Recently we had some issues with multi-DC Cassandra clusters — latency and timeouts that had only started since we created the second datacenter.
The development team had been tasked with ensuring they were using a DC aware load balancer and local consistency, to ensure they only talked to the local DC rather than the second DC, which was with a different cloud provider in a different country.

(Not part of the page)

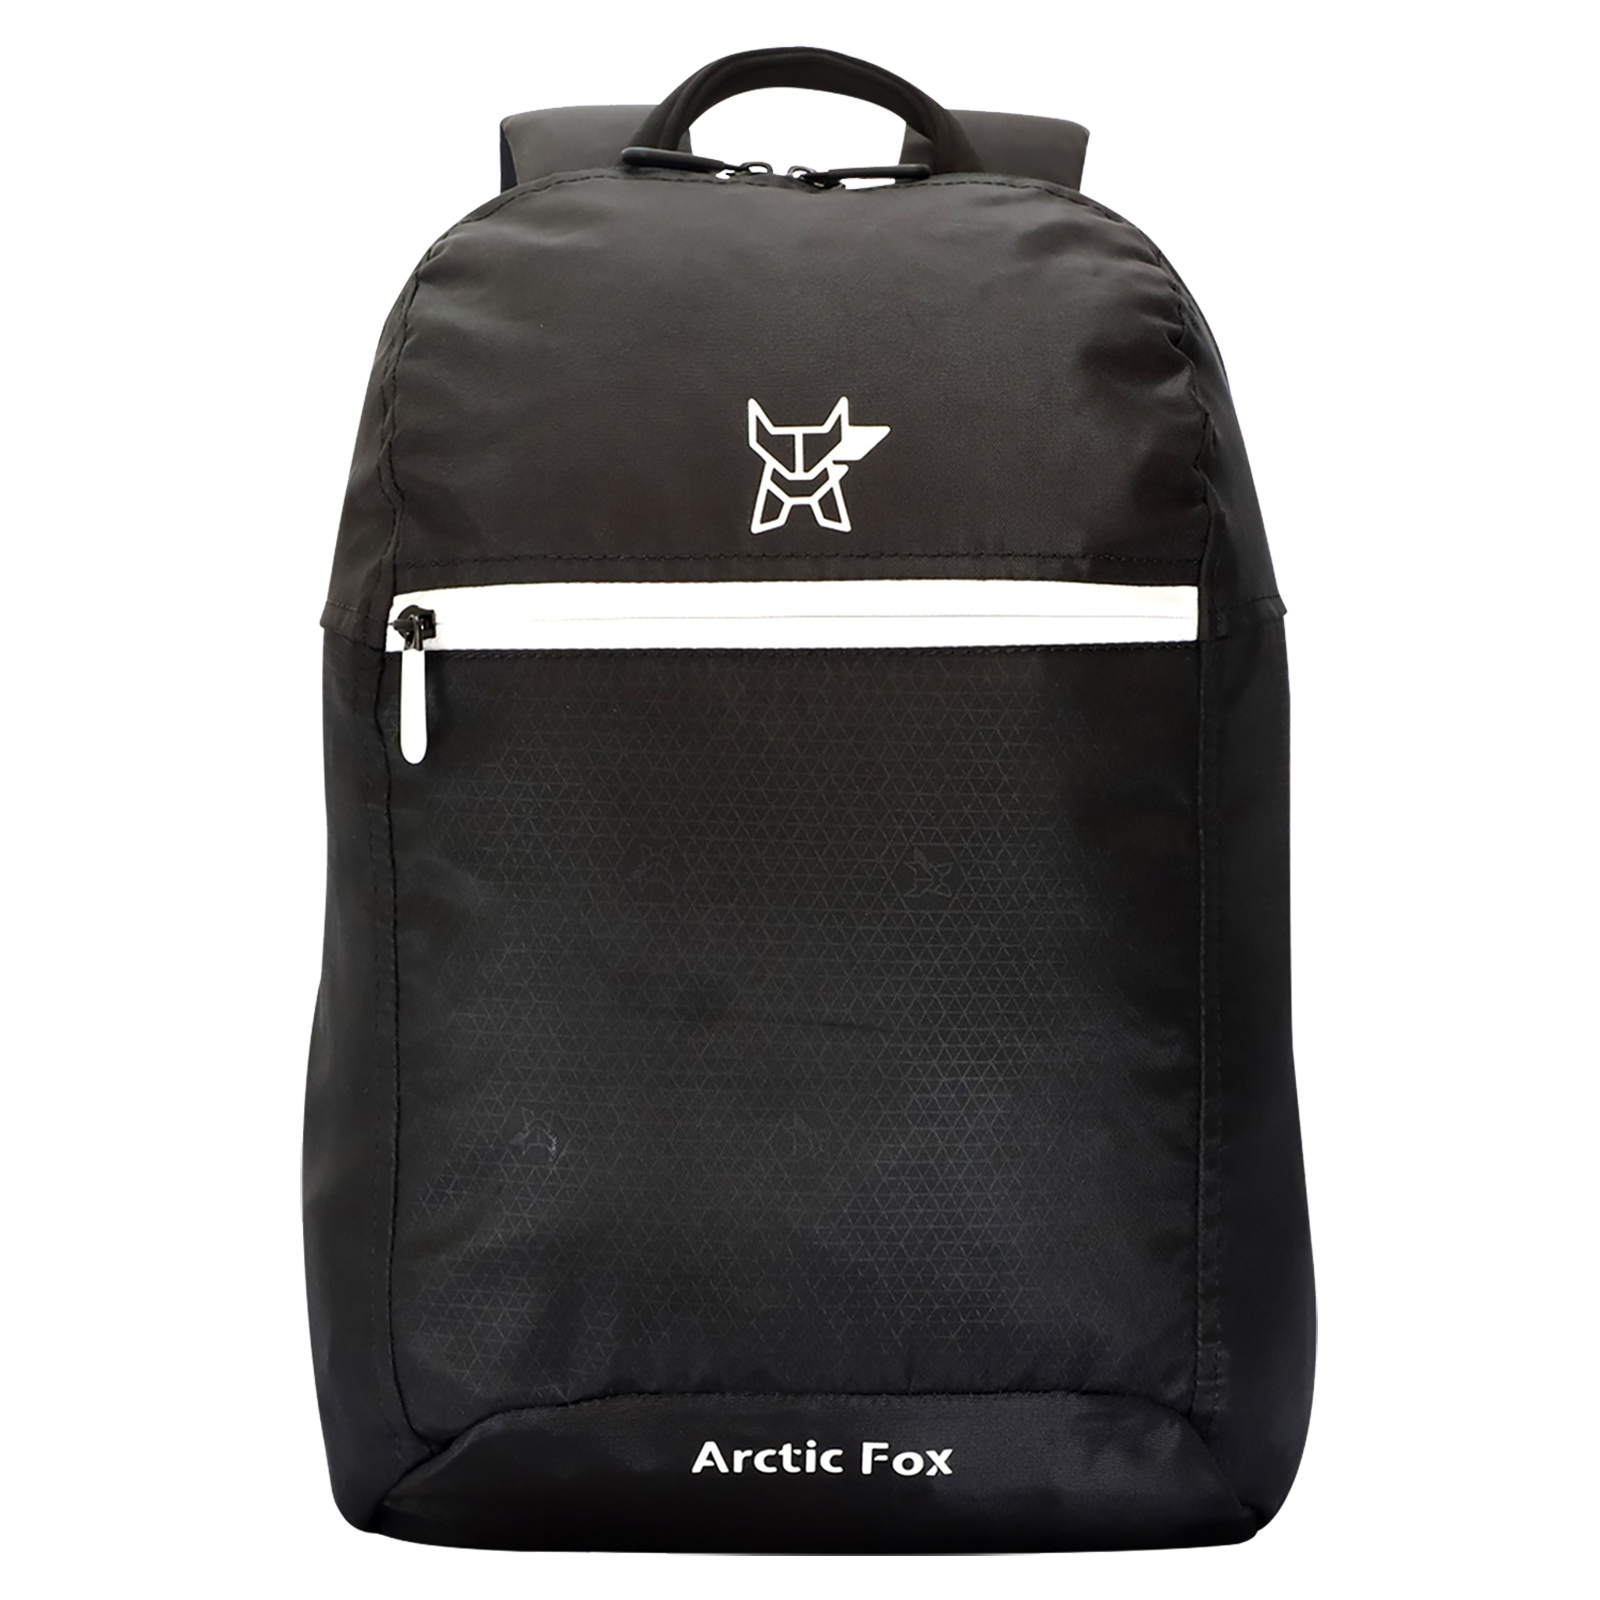 Arctic Fox Tuition 17 Litres PU Coated Polyester Backpack (FMIBPKBLKON003017, Black)_1

Using OpsCenter I could see there were some reads going directly to the new datacenter, but the development team could not find where they were coming from. Time to use ngrep — which describes itself as “like GNU grep applied to the network layer.”
Installing ngrep
apt install ngrep
Capturing Connections on Port 9042
ngrep " " -d any -x dst port 9042 and dst host xxx.xxx.xxx.xxx
" "— grep for anything (no string filter)-d any— check all network devicesdst port 9042— limit to packets with destination port 9042 (the CQL native transport port)dst host xxx.xxx.xxx.xxx— limit to packets arriving at this node’s IP
This will display all incoming connections to this node on port 9042. You’ll see messages like:
T zzz.zzz.zzz.zzz:42768 -> xxx.xxx.xxx.xxx:9042 [AP]
Here zzz.zzz.zzz.zzz is the node sending the CQL request. You’ll also see the CQL being sent in the message, giving you a good idea where the requests are coming from.
Filtering Out OpsCenter
If you are using DataStax OpsCenter, the DataStax agent uses CQL to talk to Cassandra on the local node, and OpsCenter itself will also connect to the cluster. To remove these packets from the output:
ngrep " " -d any -x dst port 9042 \
and dst host xxx.xxx.xxx.xxx \
and not src host xxx.xxx.xxx.xxx \
and not src host yyy.yyy.yyy.yyy
Where yyy.yyy.yyy.yyy is the IP address of OpsCenter.
This gives you a clean view of which application clients are actually connecting to each node — making it straightforward to identify which services are ignoring your DC aware load balancing policy and connecting to the wrong datacenter.